Most the albums deficiencies can be sourced to Gramatik’s chosen collaborators. While Gibbz, Exmag, and Cherub are technically good musicians in their own right, they don’t seem to add much to a Gramatik track. I say this from my own conscience and after watching Gibbz clear 3/4 of the crowd when Gramatik brought him on stage at Tommorrowworld. I understand that promotion is promotion and albeit, necessary, but promotion must be altogether prudent, lest it cut against the grain of the promoter.

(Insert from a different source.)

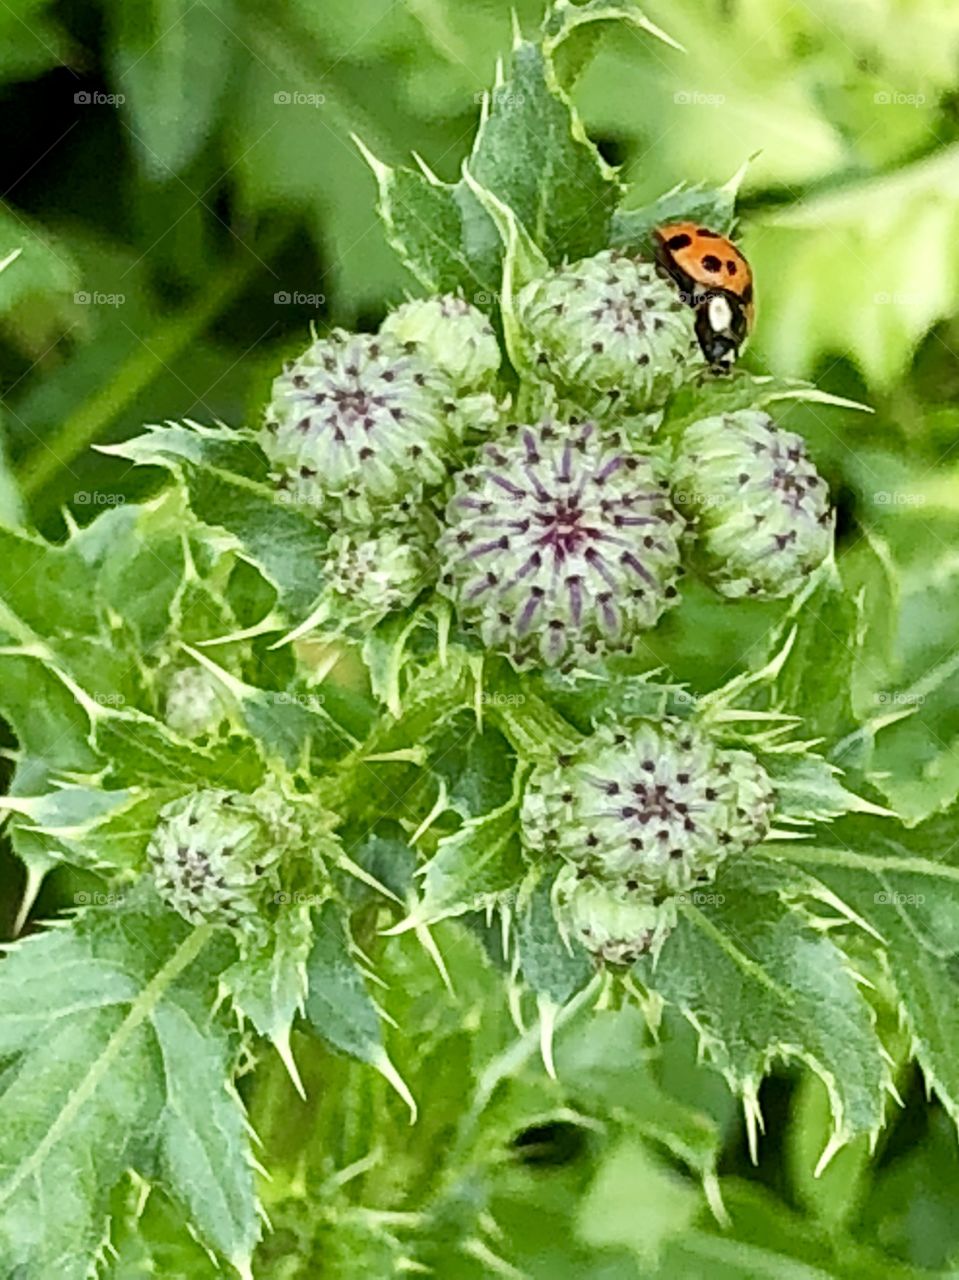 Tight purple buds and ladybug

Gramatik has long enjoyed status within electro hip-hop as a producer who adheres to certain tenants of classic Hip-hop in that his beats, and furthermore tracks, were more the productions of one man with a sampler and pad bank. Producers have always more akin to composers, while the DJ’s have become the “band member” side of electronic music. While electronic shows may lack a certain live element, anyone who knows the best of Gramatik is looking for production quality more than show quality. As such, we can forgive his shortcomings as a DJ and find his live guitarist largely superfluous. I scratch my head in the crowd when I hear the stems of guitar hooks left in the track, falling right where I’d have them and they are followed by the excessive arpeggios from live guitar. This is similar to how he handles the collaborators on the album. He could put everything together himself, but instead chooses to cut his track out, and let someone drop a riff over it. In the same fashion, Collaborators riff all over Age of Reason.
Overall, Age of Reason, is quite an indecisive album by Gramatik, a man moving in all directions at once; exceeding in most of his more personal experimental forays but losing quality when he incorporates others. Perhaps the fractured nature of Age of Reason can be attributed to the demands of the new electronic scene with an identity crisis, a scene that now encompasses everyone from hippies to ravers, and hip-hop heads. Any listener from this broad listening landscape will find something they like on Age of Reason, its true, but the eclectic, divided assemblage that is the album makes it hard for one to feel 100% on it, unless you approach holding no personal taste, or as a “fanboy”, two equally silly stances to take, as neither could be called a stance at all.
Electronic music is the only art form that has given me unrelenting hope for the survival of our species. I study criticism in the north country and track the scene in an effort to put to words the familiar feelings that escape most of us and are reduced to terms of “awesomeness.”